The seer finished his second drink and then handed the sword back.
“This sword will kill the king,” the seer told the smith.
“What does that mean?” the smith asked.
The seer shrugged.
“It will kill the king,” he repeated. He said no more about it.
The smith put the sword away and they discussed other matters for the rest of the night.
The next day the sword smith tried to decide what to do with the sword, knowing that the seer was rarely wrong.
Being responsible for the weapon that killed the king did not sit well with the sword smith, though he had previously made many swords that had killed many people.
He thought he should destroy it but he could not bring himself to destroy so fine a sword.
After much thought and consideration he crafted two additional swords, identical and indistinguishable from the first. Even the sword smith himself could not tell them apart.
As he worked he received many offers from customers who wished to purchase them but he refused.
Instead the sword smith gave one sword to each of his three children, not knowing who would receive the one that would kill the king, and he gave it no more thought because none of his children would do such a thing, and if any of the swords fell into other hands the matter was left to fate and time and Fate and Time can kill as many kings as they please, and will eventually kill them all.
The sword smith told no one what the seer had said, lived all his days and kept his secret until his days were gone.
The youngest son took his sword and went adventuring. He was not a terribly good adventurer and he found himself distracted visiting unfamiliar villages and meeting new people and eating interesting food. His sword rarely left its scabbard. In one village he met a man he fancied greatly and this man had a fondness for rings. So the youngest son took his disused sword to a smith and had it melted down, and then hired a jeweler to craft rings from the metal. He gave the man one ring each year for every year they spent together. There were a great many rings.
The eldest son stayed at home for years and used his sword for dueling. He was good at dueling and made quite a lot of money. With his savings he decided to take a sea voyage and he took his sword with him, hoping he might learn as he traveled and improve his skills. He studied with the crew of the ship and would practice on the deck when the winds were calm but one day he was disarmed too close to the rail. His sword fell into the sea and sank to the bottom, impaling itself into coral and sand. It is there still.
The middle child, the only daughter, kept her sword in a glass case in her library.
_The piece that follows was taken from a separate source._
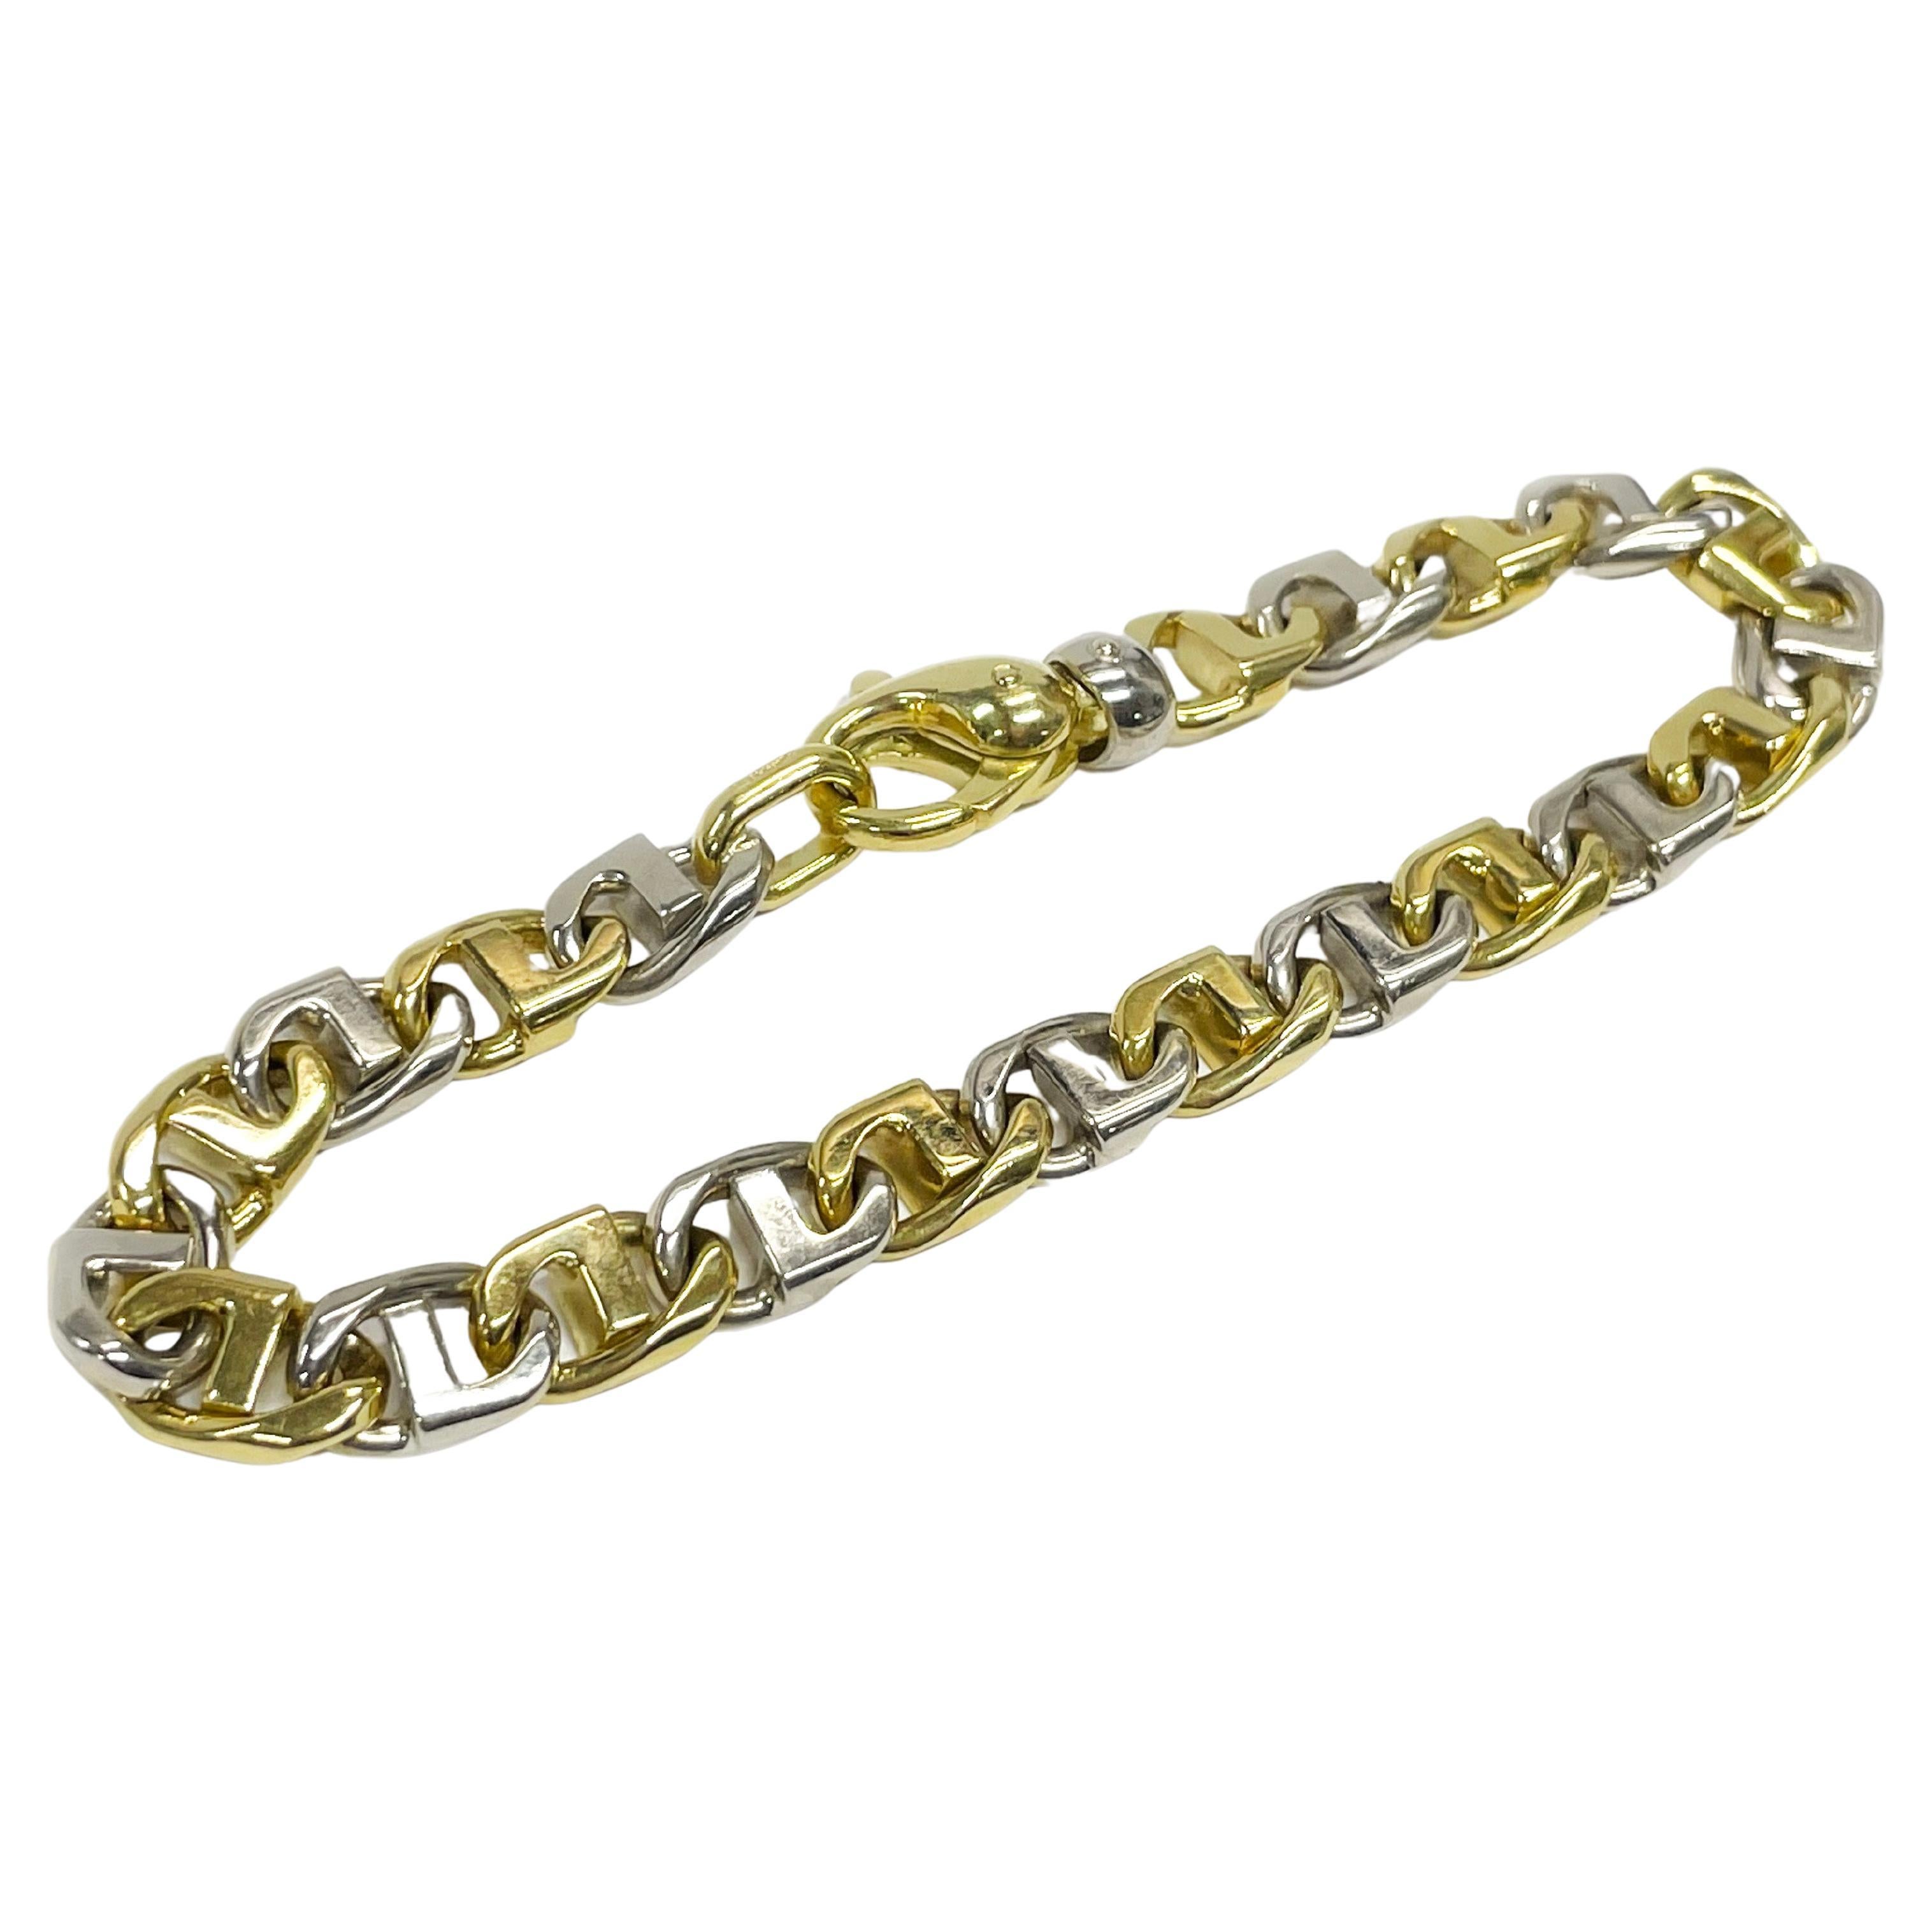 18 Karat Duo-Tone Fancy Link Bracelet. The bracelet features alternating white and yellow gold fancy links. Both the top and bottom of the bracelet links have a smooth shiny finish. The bracelet measures 8.5mm wide and is 8.75

She claimed it was decorative, a memory of her father who had been a great sword smith, and that she never used it. This was not true. She often took it from its resting place when she was alone, late at night, and practiced with it. Her brother had taught her some dueling but she had never used this particular sword for duels. She kept it polished, she knew every inch, every scratch. Her fingers itched for it when it was not nearby. The feel of it in her hand was so familiar that she carried the sword with her into her dreams.
One night she fell asleep in her chair by the fire in the library. Though the sword rested in its case on the shelf nearby she held it in her hand when she began to dream.
In her dream she walked through a forest. The branches of the trees were heavy with cherry blossoms, hung with lanterns, and stacked with books.
As she walked she felt many eyes watching her but she could not see anyone. Blossoms floated around her like snow.
She reached a spot where a large tree had been cut down to a stump. The stump was surrounded by candles and piled with books and atop the books there was a beehive, honey dripping from it and falling over the books and the stump of the tree though there were no bees to be seen.
There was only a large owl, perched atop the beehive. A white-and-brown owl wearing a golden crown. Its feathers ruffled as the sword smith’s daughter approached.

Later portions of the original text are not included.